Le sue parole sono ormai un grido d'allarme rispetto a una minaccia urgente. Una minaccia di fronte alla quale rischiamo di essere impotenti, cioè «inadeguati», prigionieri di «debolezze strutturali» di cui paghiamo il prezzo al mercato dei titoli di Stato.

Volano gli spread e con loro i tassi d'interesse: un nodo scorsoio che annienta ogni speranza di contenere il debito e liberare qualche risorsa per dare respiro all'economia reale.

Ancora Napolitano: «Si avverte acuto il bisogno di più cultura delle istituzioni, di più senso delle istituzioni, di più attenzione all'esercizio delle funzioni dello Stato e alla condizione in cui versano le sue strutture portanti». Il termine «istituzioni» ricorre in forme insistite nelle parole del capo dello Stato. Si capisce che qui è il cuore del problema: istituzioni indebolite, non sorrette dalla necessaria forza politica e morale, come si nota anche nelle incongruenze del processo legislativo. Istituzioni, in sostanza, troppo fragili e impacciate di fronte alla sfida che l'Europa ci propone in termini perentori, persino brutali.

Che altro deve dire il presidente della Repubblica per far intendere che il nocciolo della crisi riguarda la credibilità del governo sulla scena internazionale? È qui il nodo che non si riesce a sciogliere, con danni che si scontano ogni giorno, mentre i mercati finanziari guardano all'Italia con crescente diffidenza e la stessa opposizione rimane incapace di offrire un'alternativa concreta e plausibile, al di là delle formule retoriche e dei dissensi che la lacerano.

Sì, una giornata drammatica. Nel corso della mattina Napolitano era presente all'incontro promosso dall'Abi in cui Giovanni Bazoli aveva chiesto con tono accorato «scelte in grado di migliorare il clima di fiducia». Scelte tutt'altro che indolori perché implicano «sacrifici per tutti, perdite di posizioni» ed esigono «disponibilità al cambiamento». Come dire che è indispensabile la rottura immediata di infinite incrostazioni e la correzione di ingiustizie accumulate negli anni. Perché senza riforme «l'Italia rischierebbe di compromettere il suo futuro nella democrazia».

Frasi gravi e con ogni evidenza assai ponderate, in sintonia con i giudizi che di lì a poco avrebbe dato il capo dello Stato.

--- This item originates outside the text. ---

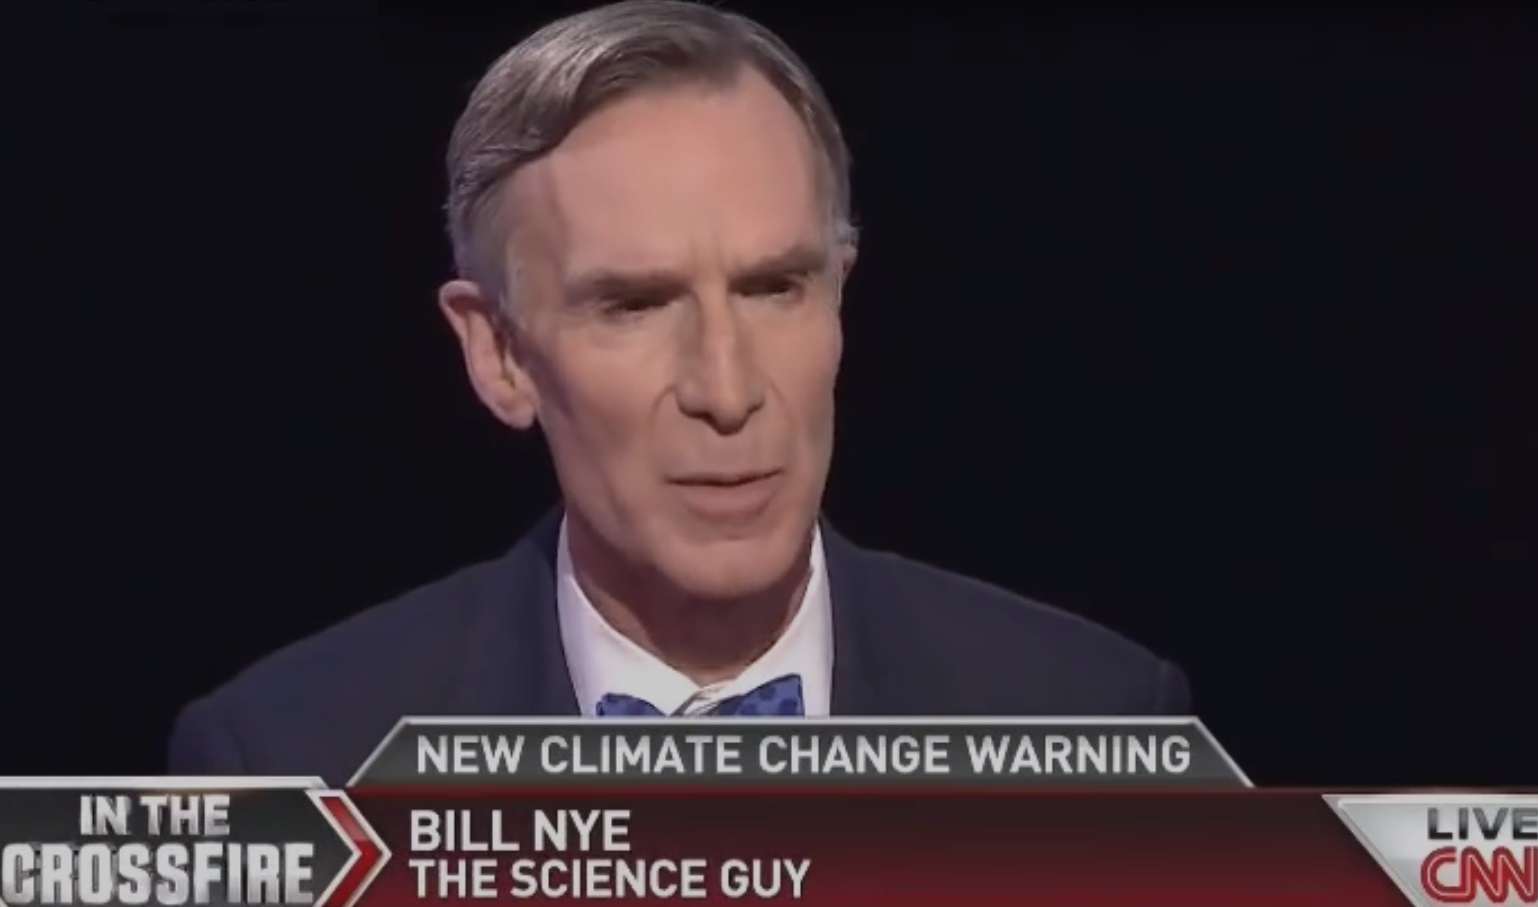 Bill Nye the science guy climate change global warming CNN interview

Frasi che poi non hanno trovato un riscontro o un commento negli esponenti del Governo, come ci si poteva attendere. Tace Berlusconi e anche il ministro dell'Economia Tremonti, che in serata ha partecipato alla Festa della Zucca di Pecorara (Piacenza), non ha rilasciato dichiarazioni.

Si può pensare che l'esecutivo voglia replicare con i fatti, mettendo a punto le misure per lo sviluppo e traducendo in atti concreti gli impegni promessi all'Europa con la recente lettera. Ci si augura che sia così, ma intanto lo «spread» oltre quota 400 è un indizio terribile che segnala l'incertezza del quadro generale. I tempi della politica sono troppo lenti rispetto al precipitare della crisi. E del resto all'orizzonte non s'intravede una soluzione.

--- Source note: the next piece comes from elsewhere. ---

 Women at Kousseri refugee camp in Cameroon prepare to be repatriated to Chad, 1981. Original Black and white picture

Montezemolo ha proposto in una lettera a "Repubblica" un «governo di salute pubblica» al posto di Berlusconi, indicando un'agenda di cose da fare. Ma la freddezza, a dir poco, del Pdl e del Pd, dimostra che un simile governo non troverebbe una maggioranza in Parlamento. E non si può caricare sulle spalle del presidente della Repubblica l'onere che spetta alla responsabilità delle forze politiche. Per cui oggi l'alternativa è fra una lenta agonia e le elezioni anticipate (meglio se in fretta).